Atualizado em 23 Janeiro, 2024
Como é que um bolo em forma de pénis se tornou o símbolo, até a mascote, de uma cidade ultraconservadora? Hoje visitamos Amarante, em busca dos “quilhõezinhos de São Gonçalo”
O Tâmega empresta um tom bucólico à cidade, ali a meia hora do Porto. As lânguidas margens do aéreo rio, para recordar o verso de Teixeira de Pascoaes que aludia à neblina que dele se ergue, estão belamente emolduradas por elegantes choupos.
Reza a história que foi São Gonçalo, em 1250, que mandou construir uma travessia entre as duas margens. Uma ponte que se desmoronou no século XVIII devido às cheias, que foi recuperada e, entretanto, assistiu a dramáticos episódios da História.
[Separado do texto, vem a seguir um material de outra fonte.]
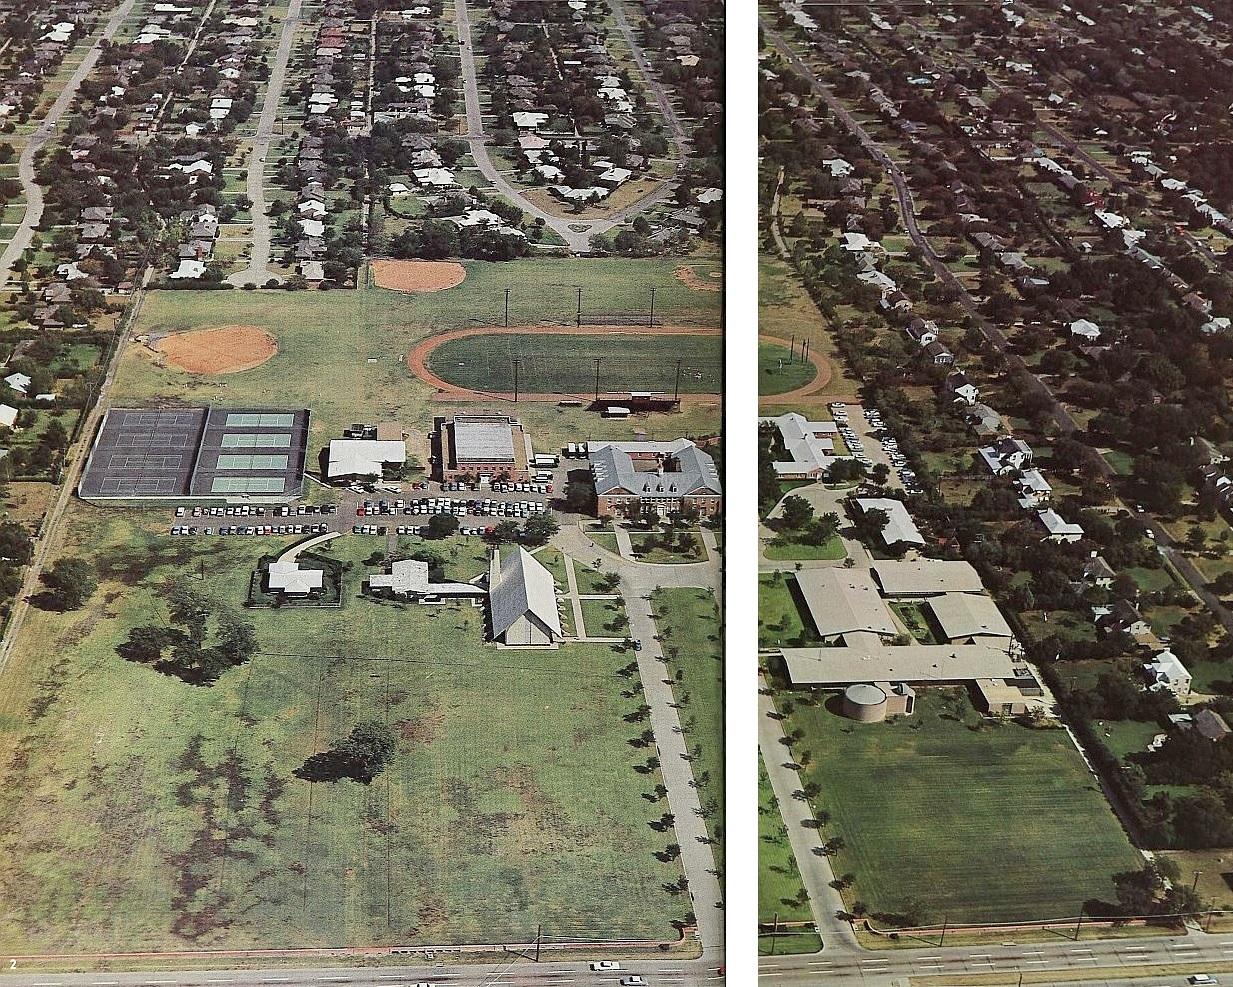 st-marks_campus_st-marks-yrbk_aerial-1964

Foi ali que o exército português resistiu ao invasor napoleónico, que acabou por ocupar e incendiar a cidade (1809). Ali se deu também um embate decisivo da guerra civil, 25 anos depois.
Mas nada disso nos ocupa o espírito enquanto atravessamos a ponte, conquistados pelo majestoso Convento de S. Gonçalo no fim do caminho. O olhar pousa na Varanda dos Reis, com as estátuas dos quatro monarcas que reinaram durante os 200 anos da construção da igreja. São eles D. Sebastião, D. João III, D. Catarina e D. Filipe I.
O religioso infunde carácter à cidade de Amarante, que nasceu com a chegada de um certo Gonçalo, no século XIII. Dominicano e evangelizador no Médio Oriente, a sua fama de santidade atraiu gente e peregrinos, que se desviavam do caminho de Santiago para o ouvirem.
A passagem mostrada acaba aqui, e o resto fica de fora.